Liège: un premier chien d'assistance formé pour aider les personnes épileptiques

Gaïa a changé la vie de Lowra grâce à la sécurité qu'elle lui apporte
Gaïa a changé la vie de Lowra grâce à la sécurité qu'elle lui apporte - © RTBF

L'asbl liégeoise Osmose vient de former le premier chien d'assistance spécialement dédié aux personnes souffrant d'épilepsie ou d'une pathologie similaire. C'est Lowra, une jeune habitante de Floreffe, qui a pu en bénéficier. Elle connaît en moyenne une syncope par semaine. Sa chienne Gaïa, un golden retriever, intervient alors immédiatement. Elle est aussi capable de ressentir avec 15 à 60 minutes d'avance l'arrivée d'une syncope.

Elle va appuyer sur l’alarme et me lécher jusqu’à ce que je reprenne connaissance

"Je viens de faire une syncope donc Gaïa va chercher mon téléphone dans mon sac ; elle vient se coucher à côté de moi ; elle appuie sur une alarme que j’ai au poignet et qui envoie une alerte à mon compagnon ; ensuite elle me lèche. Elle va appuyer sur l’alarme et me lécher jusqu’à ce que je reprenne connaissance", explique Lowra De Picker.

Gaïa est aussi capable d'accomplir certaines tâches domestiques : " Par exemple refermer le lave-vaisselle. Pour moi c’est important car me pencher peut provoquer une baisse de tension. Elle peut aussi ouvrir ou fermer les portes, fermer les tiroirs et arrive aussi à me déshabiller". Et au-delà de ces tâches, la chienne est également capable de ressentir avec 15 à 60 minutes d'avance l'arrivée d'une syncope.

Elle m’a clairement redonné une indépendance que j’avais complètement perdue

Pour Lowra, ce chien correspond à un réel besoin qui a changé sa vie : "Les chutes risquent de provoquer des blessures et le chien apporte une sécurité. Les proches savent aussi que je ne suis pas seule et que le chien pourra réagir. Elle m’a clairement redonné une indépendance que j’avais complètement perdue étant donné qu’avant d’avoir Gaïa, je ne pouvais jamais être seule. Maintenant, il y a une sécurité de savoir qu’elle va réagir, qu’elle va prévenir et, dans le futur, je pourrai retourner faire mes courses avec elle. "

Une forte demande

Pour des chiens d'assistance, la demande est réelle. Mais il faut du temps et le manque de moyens est criant pour une asbl comme Osmose. C’est ce que précise Vanessa Wey, co-fondatrice de l'association et éducatrice canine : " Nous avons beaucoup trop de demandes par rapport au nombre de chiens. On a une liste d’attente donc il faut plus ou moins un an et demi pour recevoir son chien à partir du moment où la demande est acceptée. Ça coûte cher aussi -12 000 euros pour former un chien d’assistance, 18 000 euros pour un chien pour personne épileptique-  donc on n’est pas capable de former beaucoup de chiens car les personnes qui les reçoivent ne paient rien".

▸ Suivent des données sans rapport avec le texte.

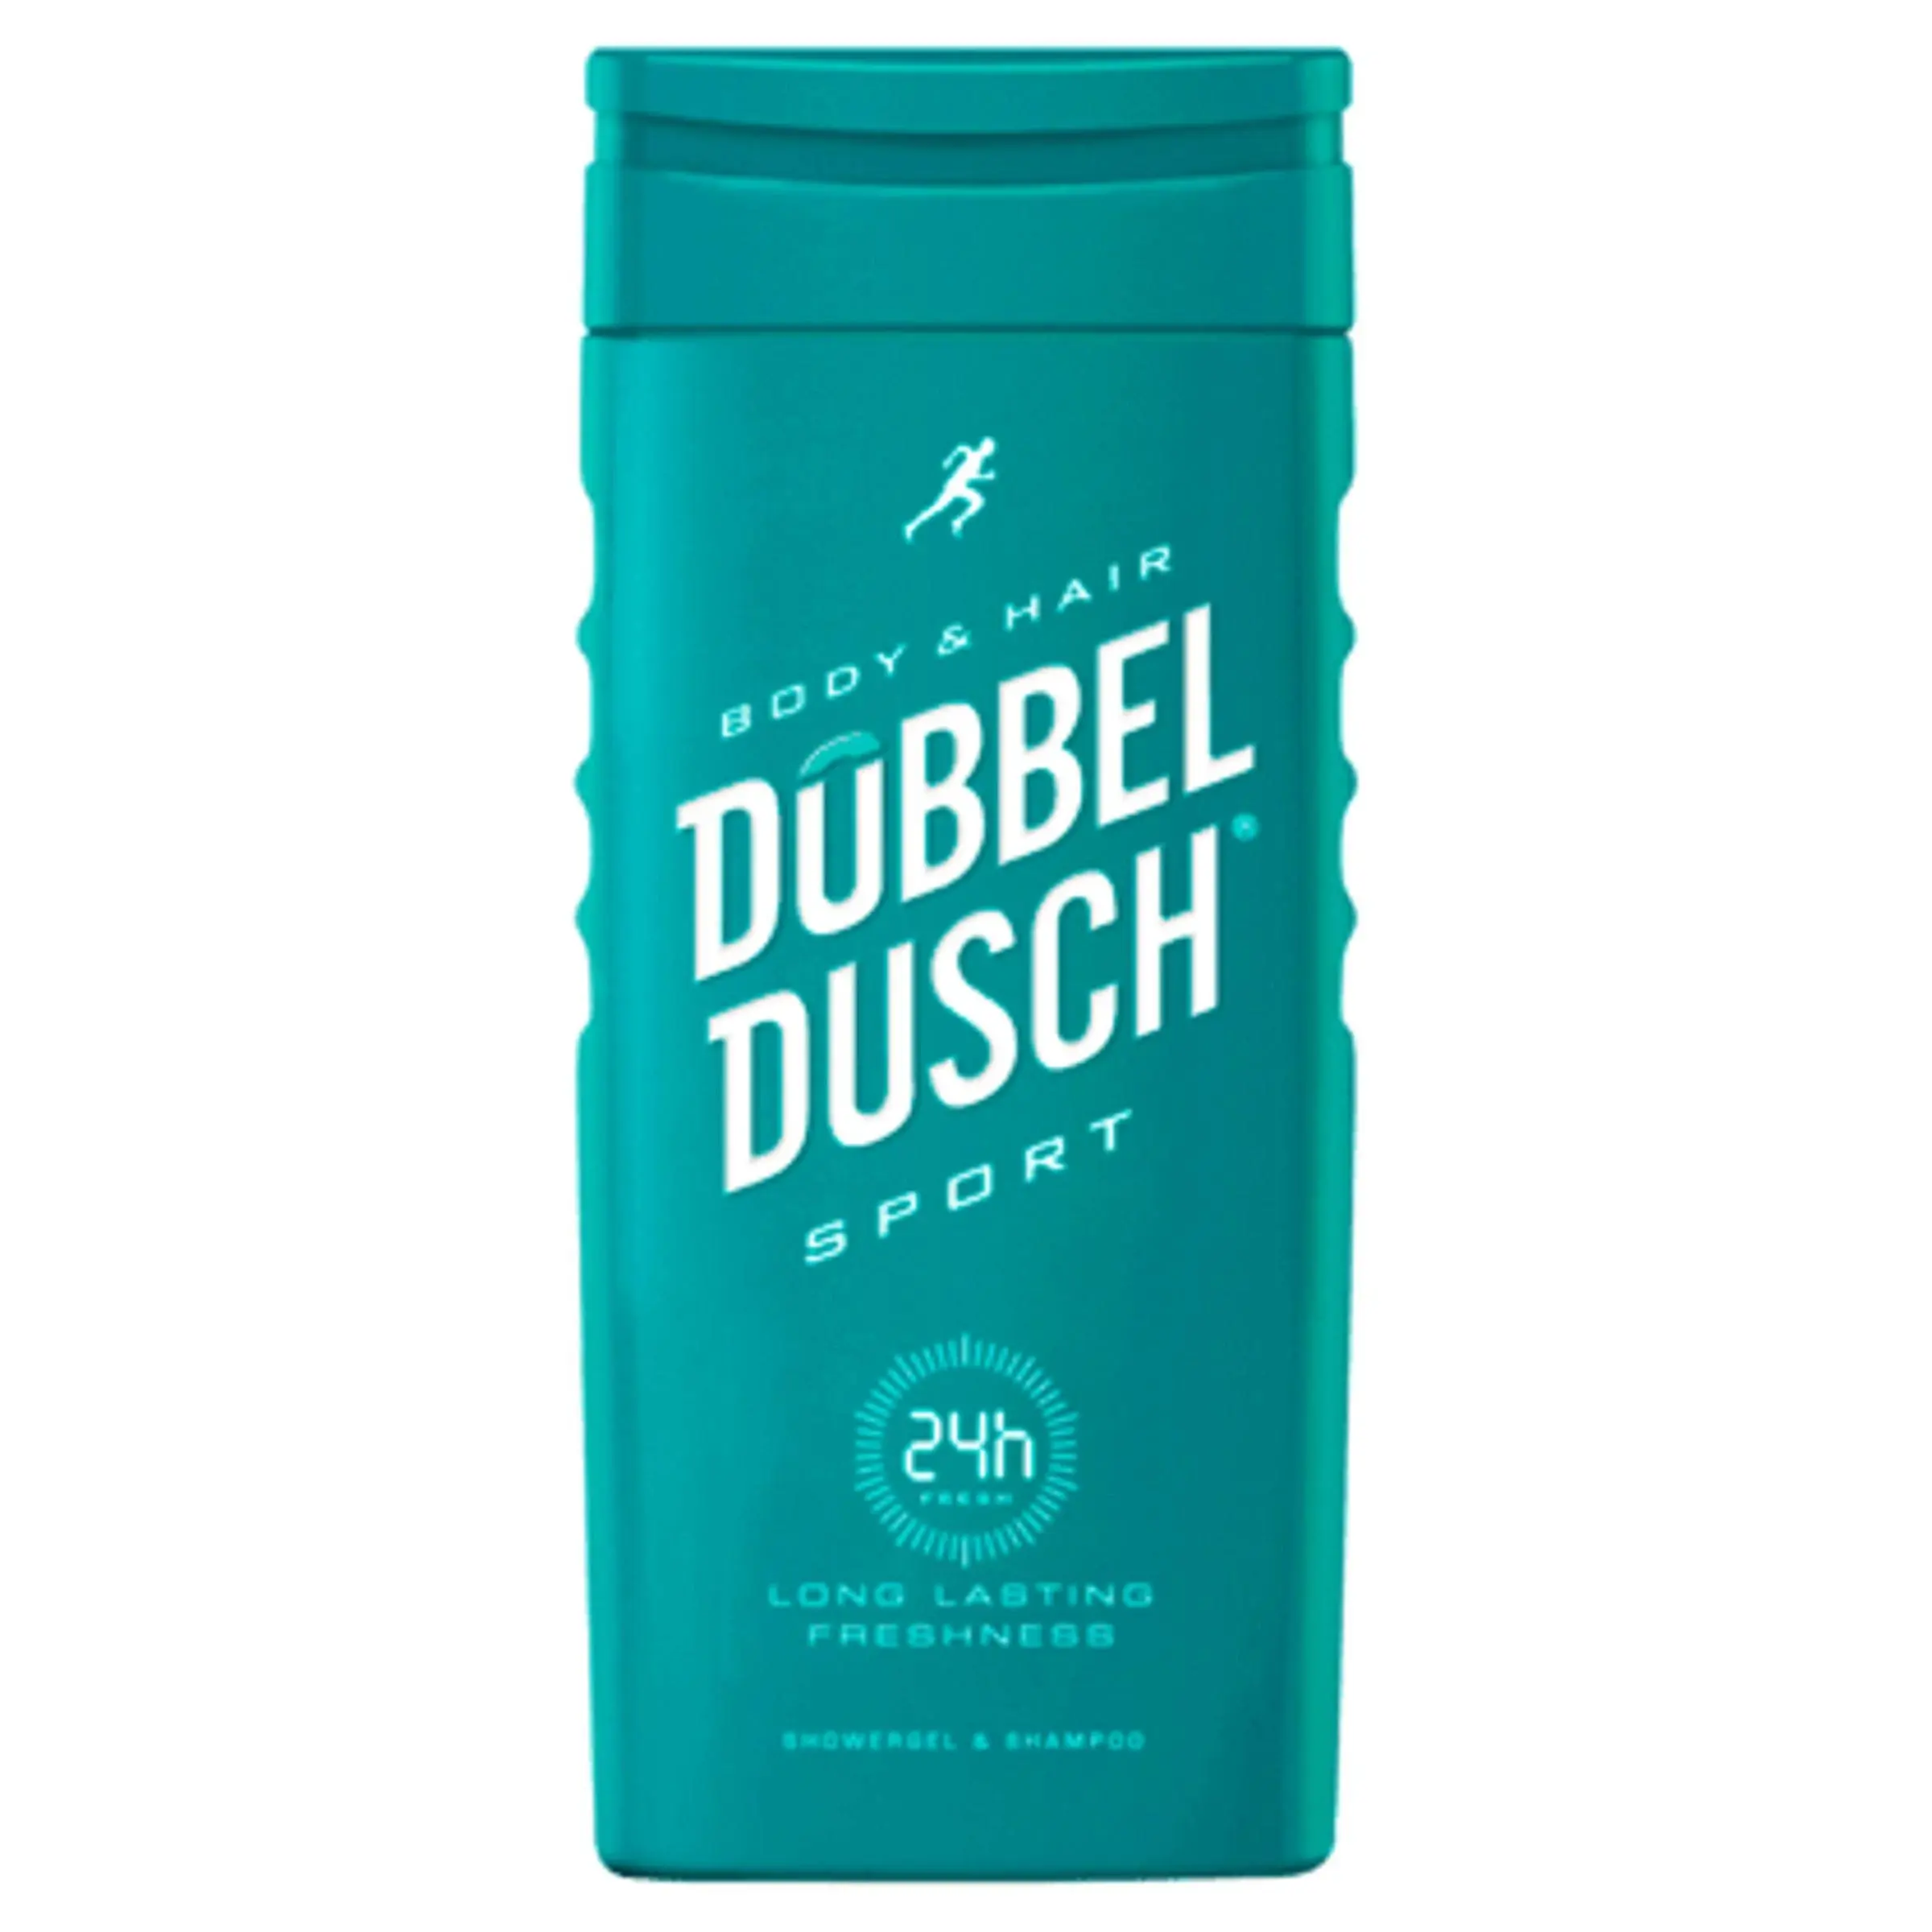 Dobbeldusch Douchegel Sport (250 ml)
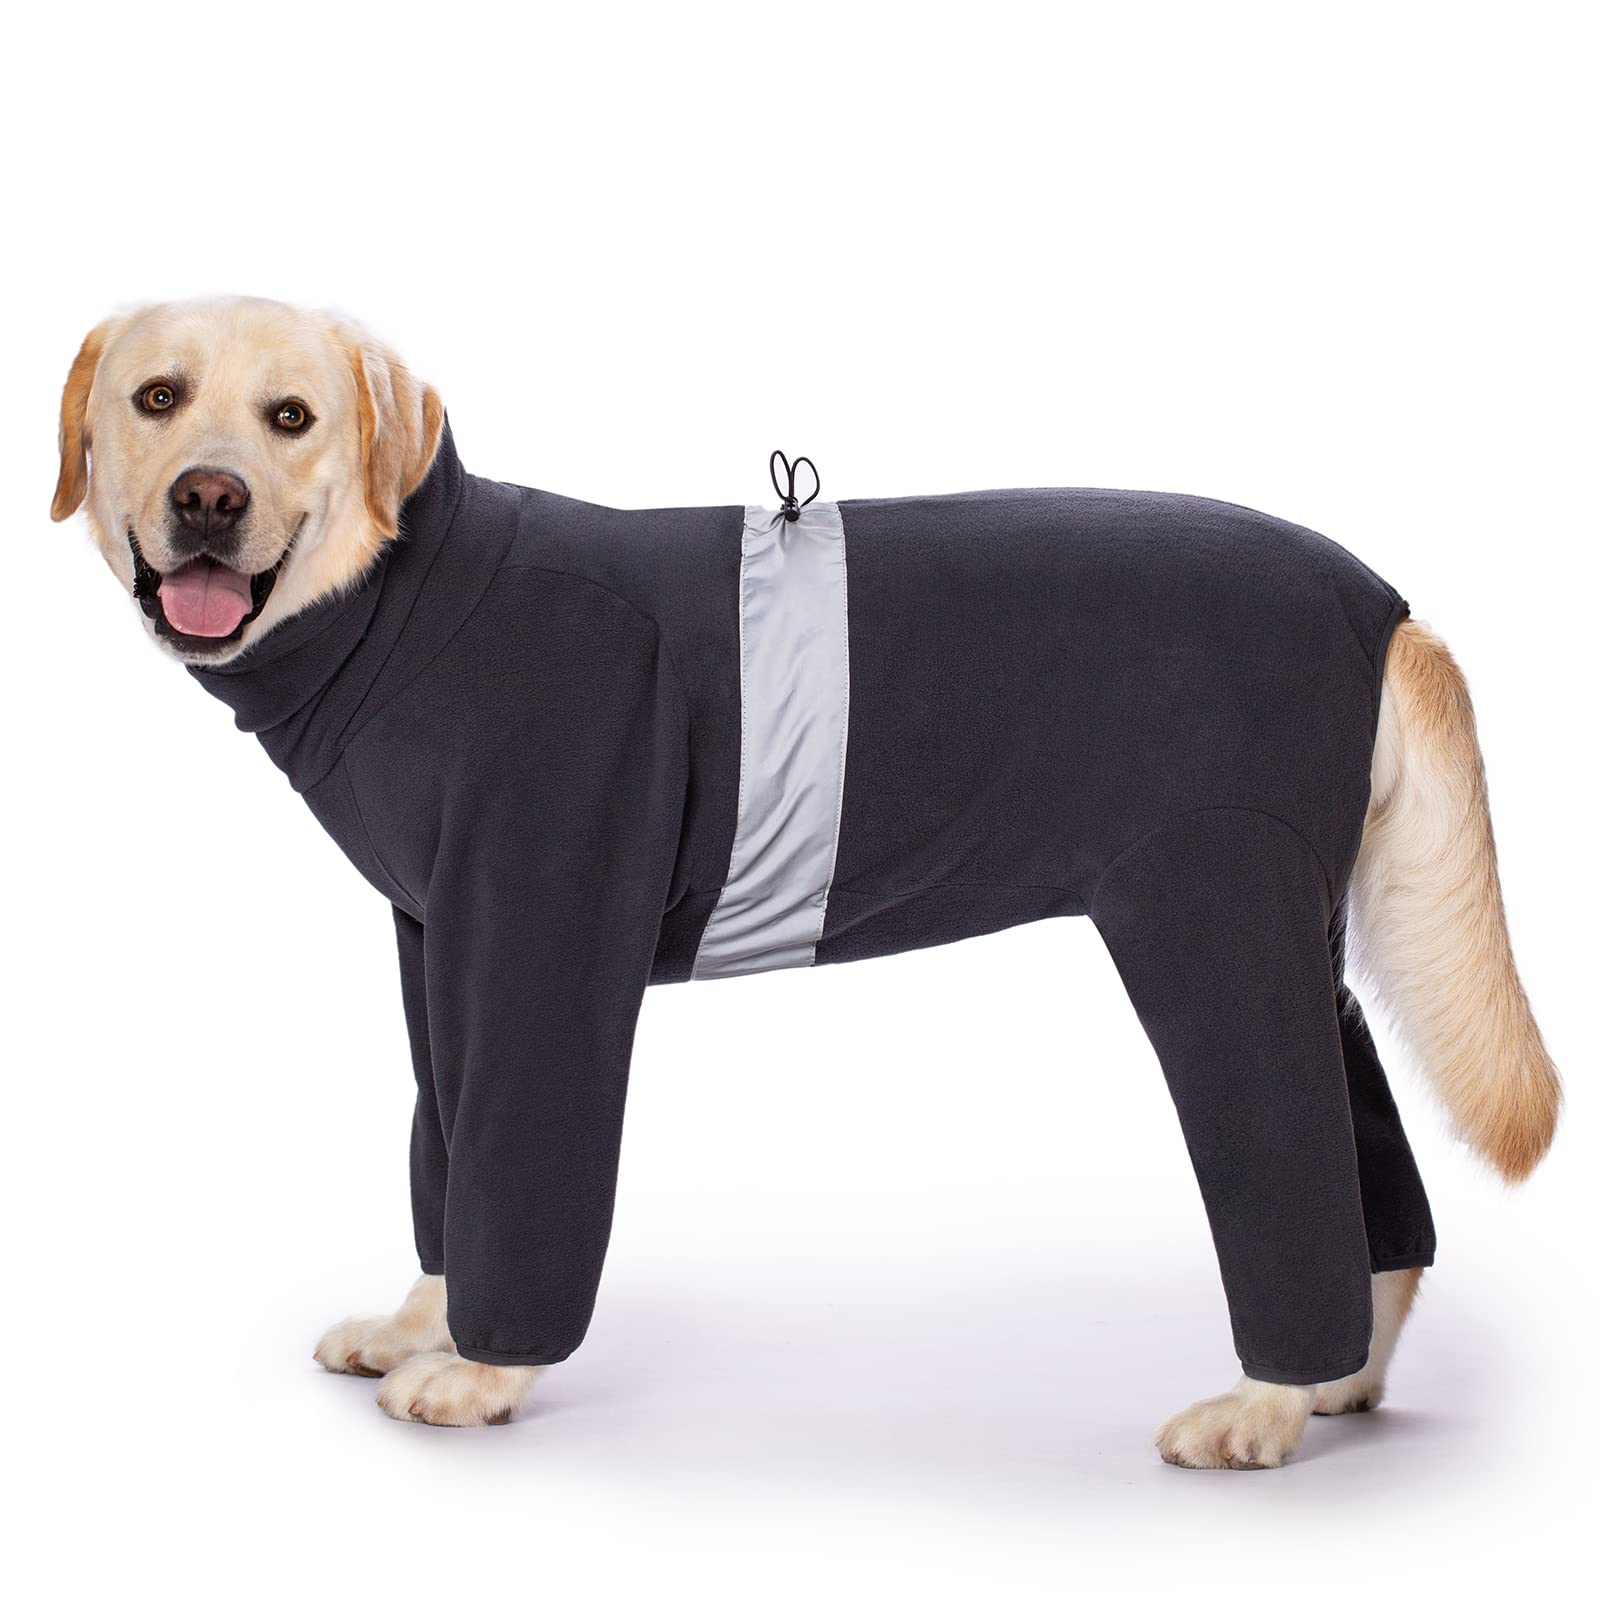 Miaododo Polarfleece-Hundekleidung für den Winter für mittelgroße und große Hunde, Thermo-Hundejacke, Einteiler für Jungen oder Mädchen, Reißverschluss auf der Rückseite (26, Dunkelgrau)

C’est une éducation très spécifique et très lourde

Former un chien pour personne épileptique prend en effet plus de temps car il est nécessaire d’apprendre à ce chien à agir sans en avoir reçu l’ordre. " C’est la plus grosse difficulté dans notre travail. C’est une éducation très spécifique et très lourde. C’est vraiment le corps qui va montrer, quand il est par terre, que le chien doit réagir ", complète Vanessa Wey.

L’asbl Osmose fonctionne sans subsides et grâce à des dons. Précisons encore que l'écrivain Didier Van Cauwelaert, sensibilisé à cette question et qui a inclus un tel chien d'assistance dans son dernier roman, donnera une conférence sur ce sujet ce 22 juin à 19h à la salle académique de l'Université de Liège.